Probably because there is or was malware on this site.

We provide a freemium service to upload large files and download them later on.

Unfortunately these kind of services get easily abused by anybody which likes to spread malware. They are looking for services which are not (yet) in some kind of blacklists so the chances are higher that their malware can reach the target. Services which allow larger files might be especially attractive since lots of commercial firewall vendors severely limit the size of the files they scan and let everything else pass through. Typical limits are 1..15MB only.

Using ClamAV, we scan every file for viruses after it is uploaded and before it can be downloaded.

While ClamAV is free its detection rate is not very good compared to the better commercial antivirus solutions. One reason is that malware authors can easily tune their malware to bypass the detection algorithms ClamAV uses, since these algorithms are publicly known (open software). Also ClamAV relies on the community to develop the product and keep it up-to-date and does not have the manpower and the access to new threats as commercial vendors do.

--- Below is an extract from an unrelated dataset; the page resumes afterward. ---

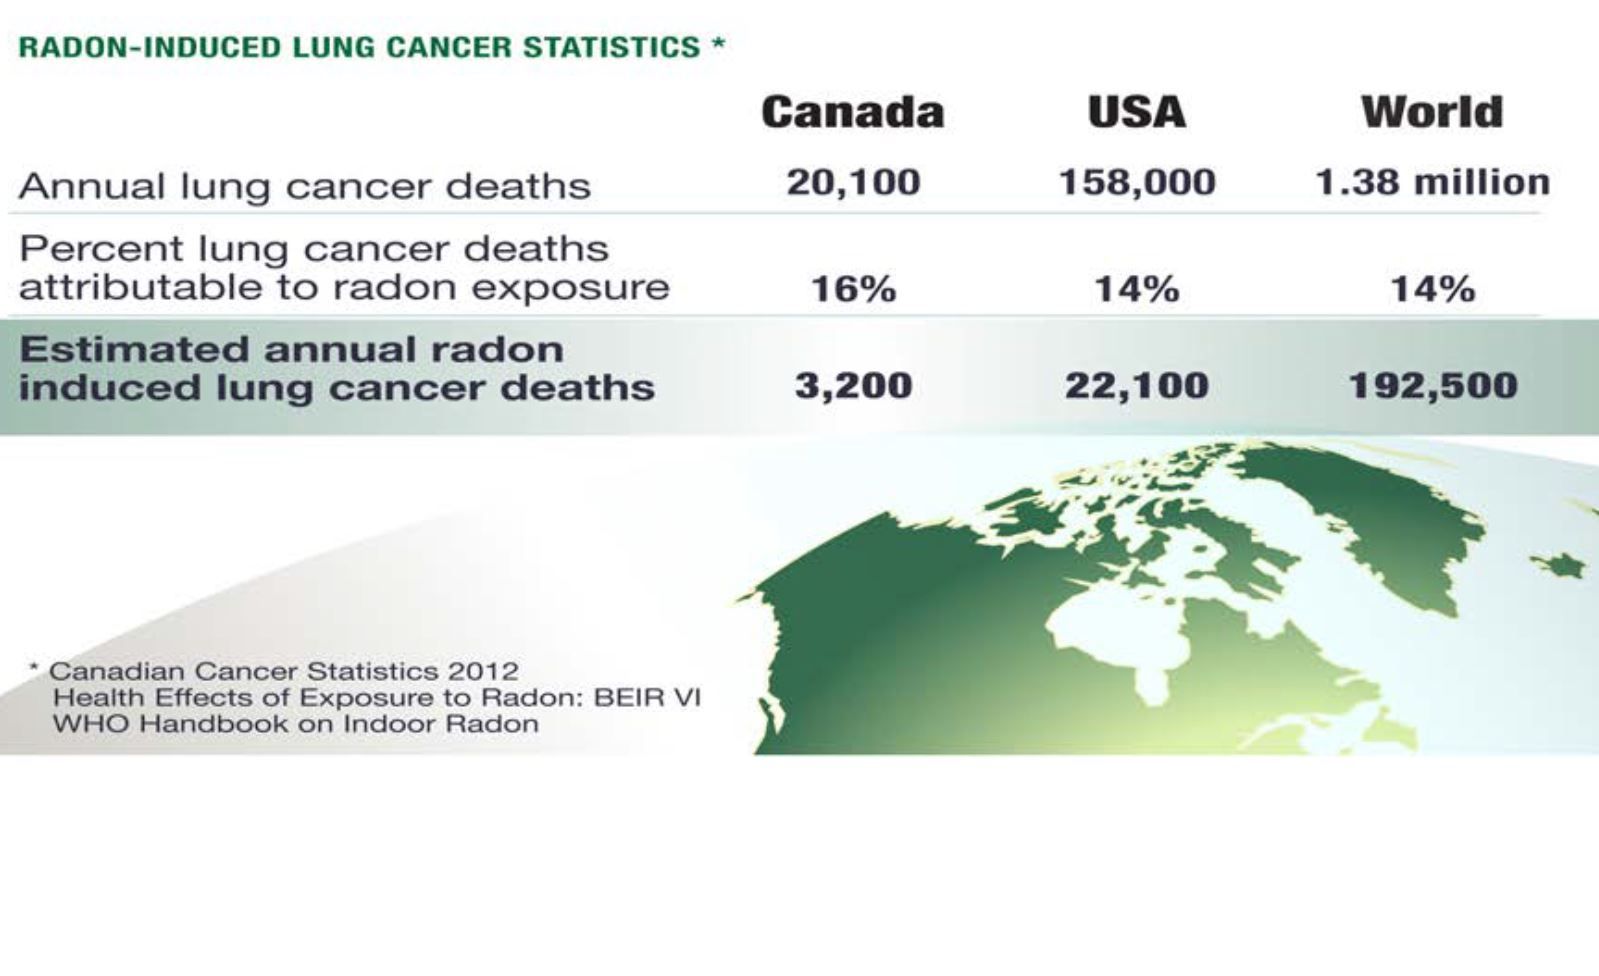 radon the second cause of lung cancer in Canada after smoking

But commercial vendors miss a lot of new malware too. To detect most of the malware you better combine several engines and tune them so they prefer more false positives instead of let some malware through. You could also check with virustotal.

You should also severely limit the types of files you allow for upload and not allow any types which typically contain malware. This includes any kind of executable files but also office documents or PDF files. Since such limitations might easily make the service you provide unsuitable for several users you might at least try to limit the impact of such files by requiring manual action of the user before downloading the file, i.e. inform the user of the possible dangers and require some kind of captcha or click on a checkbox to continue. This way your service can not be used for drive-by-downloads because the content can not be directly downloaded from the link but needs an explicit action by the user. And if properly done robots will not see any remaining malware since manual action is required to get the file (but beware: some robots execute Javascript and can click checkboxes).